DATA EXTRACT:
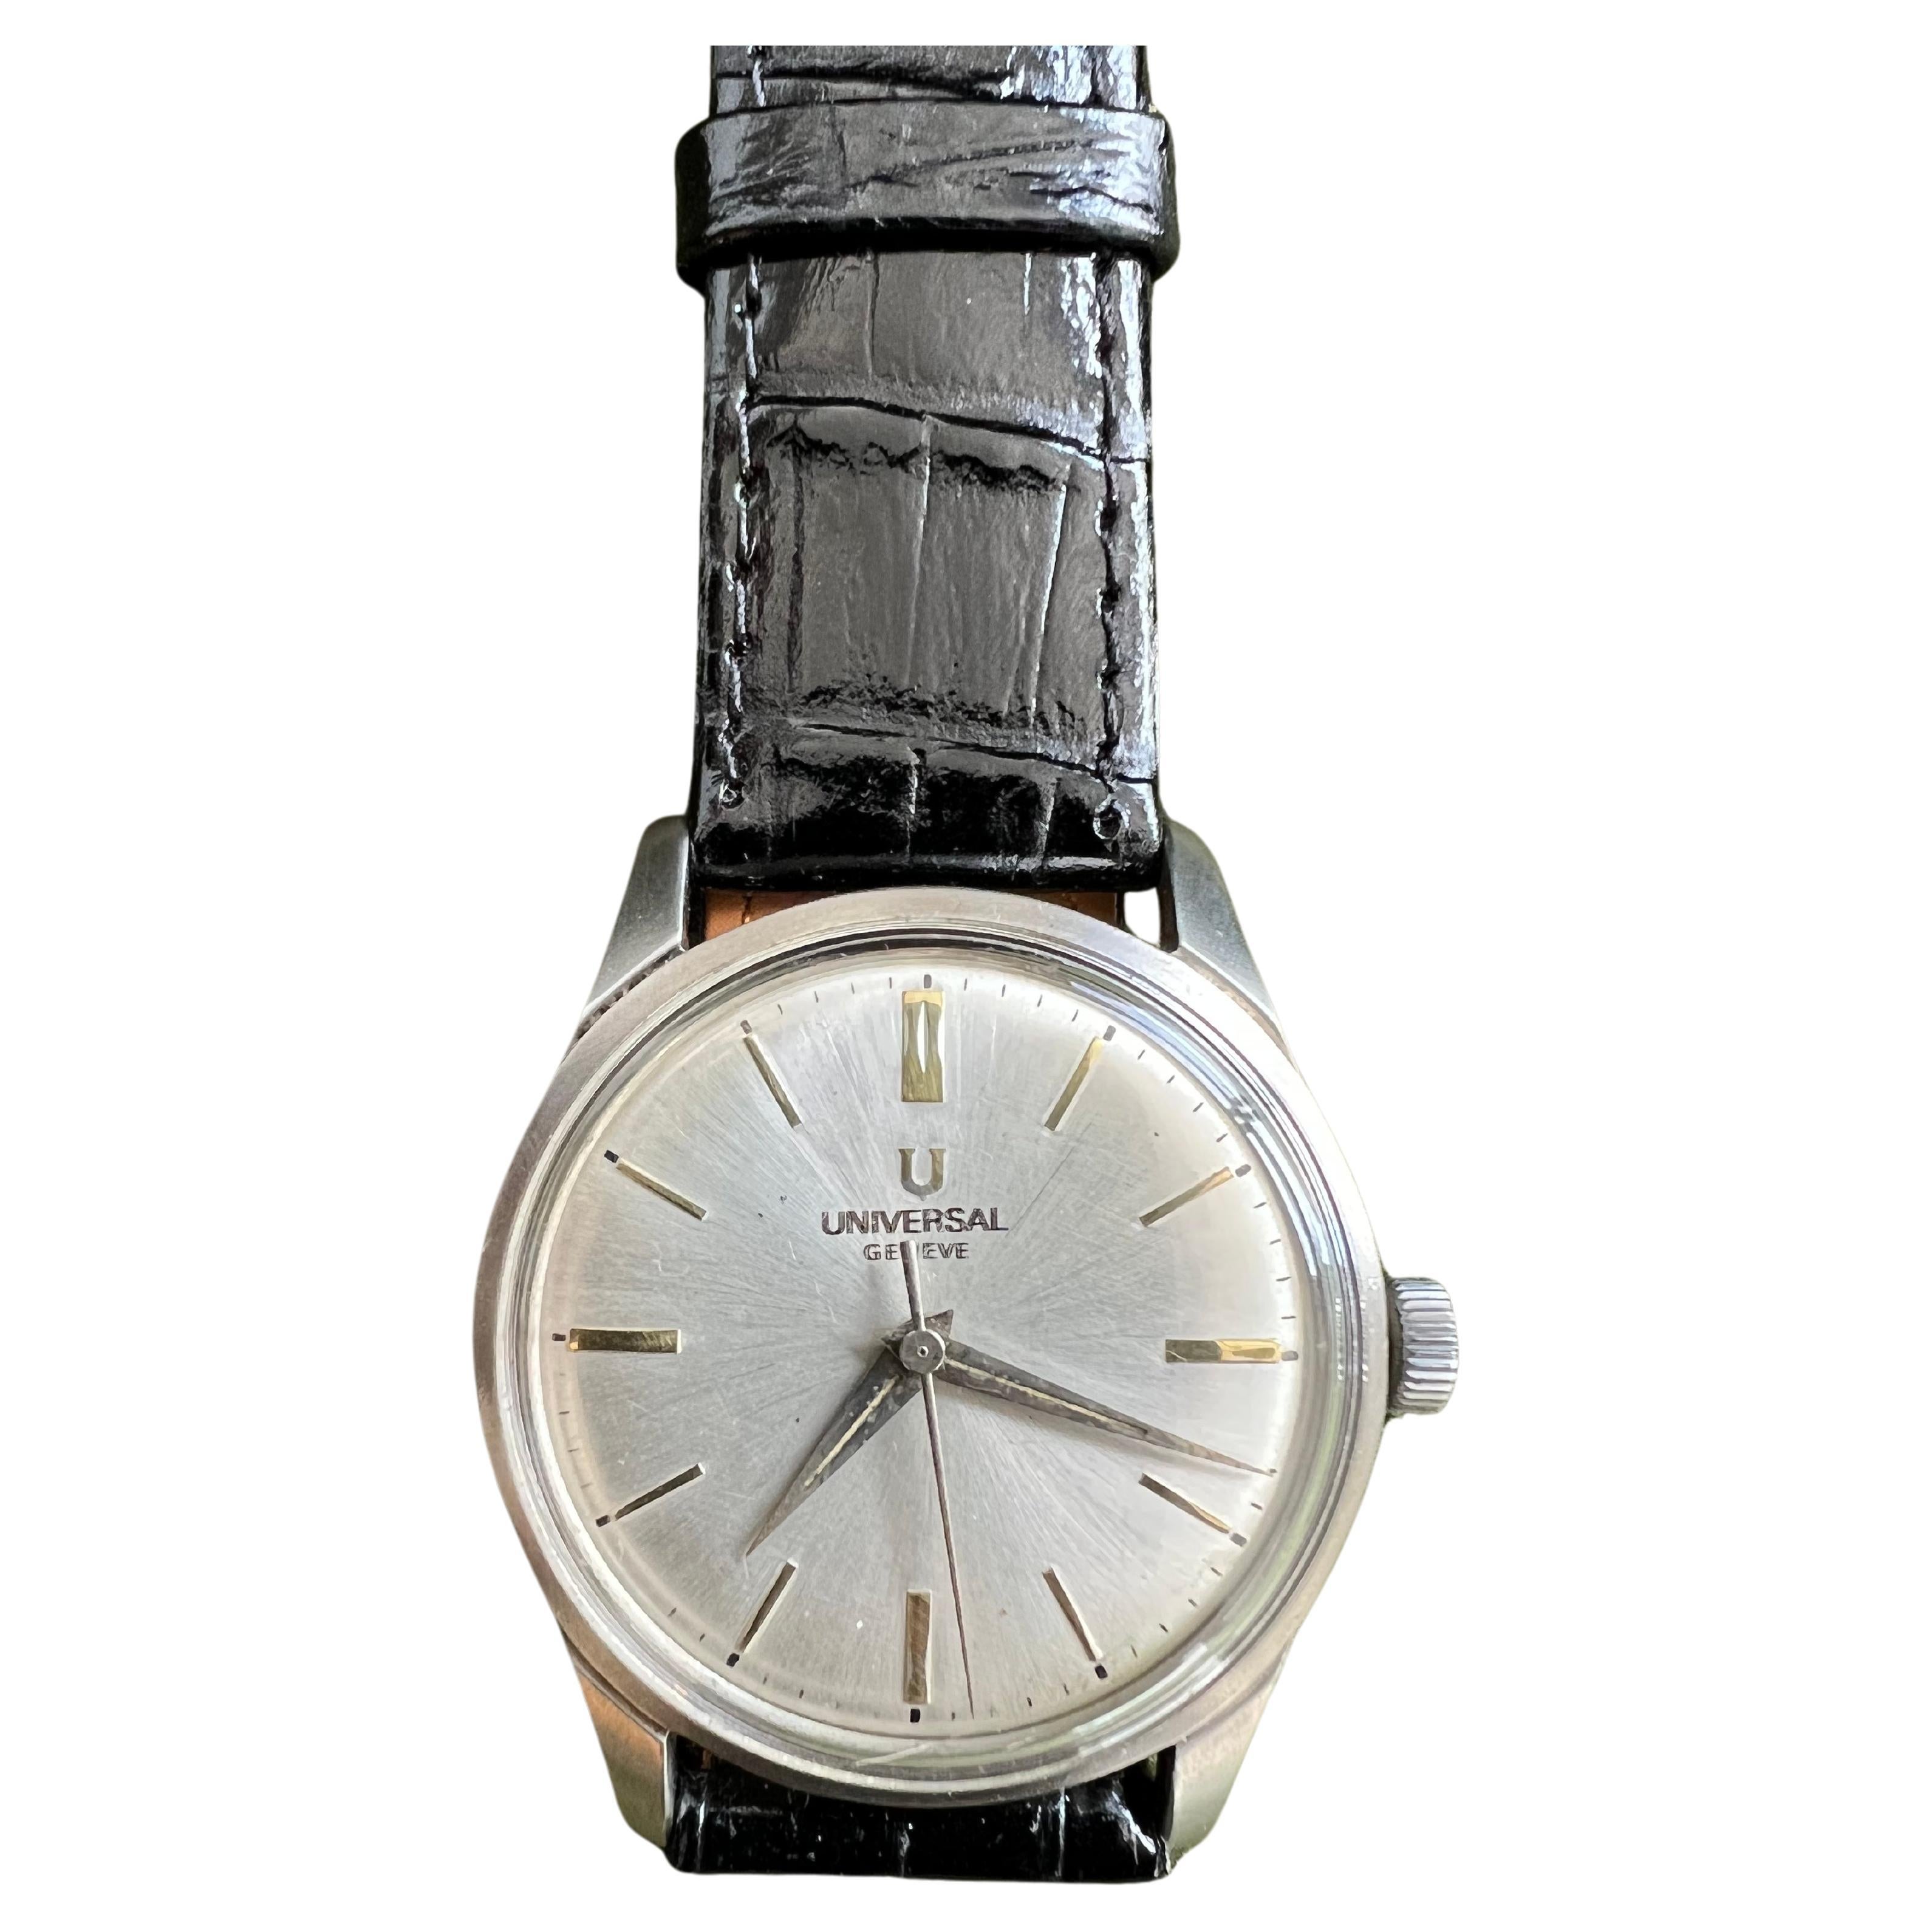 Une montre vestimentaire impeccable et de grande classe du début des années 60.
Face blanche et cadrans en or 
Cette montre présente les proportions classiques, tant en taille qu'en finesse, qu'une montre habillée se doit d'avoir. Le cadran, de

TASK REQUIREMENTS:
Please leave the images out and retype the rest of the material exactly.

COMPLETED TASK:
 Une montre vestimentaire impeccable et de grande classe du début des années 60.
Face blanche et cadrans en or 
Cette montre présente les proportions classiques, tant en taille qu'en finesse, qu'une montre habillée se doit d'avoir. Le cadran, de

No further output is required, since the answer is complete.